Brief: Go through the following data and transcribe exactly the stretch of lines from the one holding "Babylone Monogram – Keeks Designer Handbags" to the one holding "Gothic rose incense value pack", both included.

Data listing:
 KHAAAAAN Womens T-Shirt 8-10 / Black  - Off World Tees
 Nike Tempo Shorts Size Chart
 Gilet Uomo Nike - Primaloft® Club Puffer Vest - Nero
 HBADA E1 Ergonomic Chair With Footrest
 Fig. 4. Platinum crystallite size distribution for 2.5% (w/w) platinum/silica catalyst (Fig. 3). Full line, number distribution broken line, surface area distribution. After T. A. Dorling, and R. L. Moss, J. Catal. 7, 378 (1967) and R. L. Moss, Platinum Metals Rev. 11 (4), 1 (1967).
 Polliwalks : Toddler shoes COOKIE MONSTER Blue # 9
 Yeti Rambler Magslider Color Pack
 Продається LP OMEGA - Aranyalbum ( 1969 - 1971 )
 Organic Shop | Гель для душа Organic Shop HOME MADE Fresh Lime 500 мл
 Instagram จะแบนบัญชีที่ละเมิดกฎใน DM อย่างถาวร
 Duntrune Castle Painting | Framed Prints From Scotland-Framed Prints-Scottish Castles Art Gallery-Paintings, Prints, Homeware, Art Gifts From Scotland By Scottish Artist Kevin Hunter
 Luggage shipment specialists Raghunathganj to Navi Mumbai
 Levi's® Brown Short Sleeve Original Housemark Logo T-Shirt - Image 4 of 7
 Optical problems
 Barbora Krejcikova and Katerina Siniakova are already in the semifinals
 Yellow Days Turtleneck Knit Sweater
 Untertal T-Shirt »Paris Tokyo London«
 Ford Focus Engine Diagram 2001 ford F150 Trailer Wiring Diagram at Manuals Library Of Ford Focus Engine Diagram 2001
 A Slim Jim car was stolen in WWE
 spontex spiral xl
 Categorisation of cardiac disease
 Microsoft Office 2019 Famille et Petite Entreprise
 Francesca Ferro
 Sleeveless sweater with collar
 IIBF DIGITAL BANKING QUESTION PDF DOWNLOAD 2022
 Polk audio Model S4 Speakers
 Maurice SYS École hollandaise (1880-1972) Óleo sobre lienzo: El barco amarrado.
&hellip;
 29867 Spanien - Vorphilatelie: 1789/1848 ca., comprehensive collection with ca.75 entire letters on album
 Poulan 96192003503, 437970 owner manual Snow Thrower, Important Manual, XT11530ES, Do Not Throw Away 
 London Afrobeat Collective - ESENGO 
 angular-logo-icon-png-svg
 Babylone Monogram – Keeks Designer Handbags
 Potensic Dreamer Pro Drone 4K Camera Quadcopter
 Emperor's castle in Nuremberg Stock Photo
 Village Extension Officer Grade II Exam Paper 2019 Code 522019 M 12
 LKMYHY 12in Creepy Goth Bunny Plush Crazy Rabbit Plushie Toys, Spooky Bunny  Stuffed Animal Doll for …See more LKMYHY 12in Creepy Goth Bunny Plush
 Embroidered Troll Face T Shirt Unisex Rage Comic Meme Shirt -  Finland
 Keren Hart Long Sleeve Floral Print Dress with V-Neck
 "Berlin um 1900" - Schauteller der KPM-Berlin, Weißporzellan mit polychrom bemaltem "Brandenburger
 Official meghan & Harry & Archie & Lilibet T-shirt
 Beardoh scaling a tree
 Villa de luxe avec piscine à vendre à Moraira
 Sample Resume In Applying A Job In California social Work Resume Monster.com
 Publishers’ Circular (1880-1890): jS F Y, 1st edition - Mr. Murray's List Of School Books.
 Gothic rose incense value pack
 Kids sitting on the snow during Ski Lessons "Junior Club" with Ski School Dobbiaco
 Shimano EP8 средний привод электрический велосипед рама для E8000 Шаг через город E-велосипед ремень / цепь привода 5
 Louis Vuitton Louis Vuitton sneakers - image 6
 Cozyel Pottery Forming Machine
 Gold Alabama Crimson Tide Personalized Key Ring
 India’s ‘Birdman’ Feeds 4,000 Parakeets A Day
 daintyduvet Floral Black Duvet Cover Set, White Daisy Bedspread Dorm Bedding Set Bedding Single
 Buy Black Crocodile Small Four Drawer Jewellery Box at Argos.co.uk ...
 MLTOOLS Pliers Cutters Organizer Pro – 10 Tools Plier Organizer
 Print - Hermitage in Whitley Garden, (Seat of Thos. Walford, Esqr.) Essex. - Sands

Response box:
 Babylone Monogram – Keeks Designer Handbags
 Potensic Dreamer Pro Drone 4K Camera Quadcopter
 Emperor's castle in Nuremberg Stock Photo
 Village Extension Officer Grade II Exam Paper 2019 Code 522019 M 12
 LKMYHY 12in Creepy Goth Bunny Plush Crazy Rabbit Plushie Toys, Spooky Bunny  Stuffed Animal Doll for …See more LKMYHY 12in Creepy Goth Bunny Plush
 Embroidered Troll Face T Shirt Unisex Rage Comic Meme Shirt -  Finland
 Keren Hart Long Sleeve Floral Print Dress with V-Neck
 "Berlin um 1900" - Schauteller der KPM-Berlin, Weißporzellan mit polychrom bemaltem "Brandenburger
 Official meghan & Harry & Archie & Lilibet T-shirt
 Beardoh scaling a tree
 Villa de luxe avec piscine à vendre à Moraira
 Sample Resume In Applying A Job In California social Work Resume Monster.com
 Publishers’ Circular (1880-1890): jS F Y, 1st edition - Mr. Murray's List Of School Books.
 Gothic rose incense value pack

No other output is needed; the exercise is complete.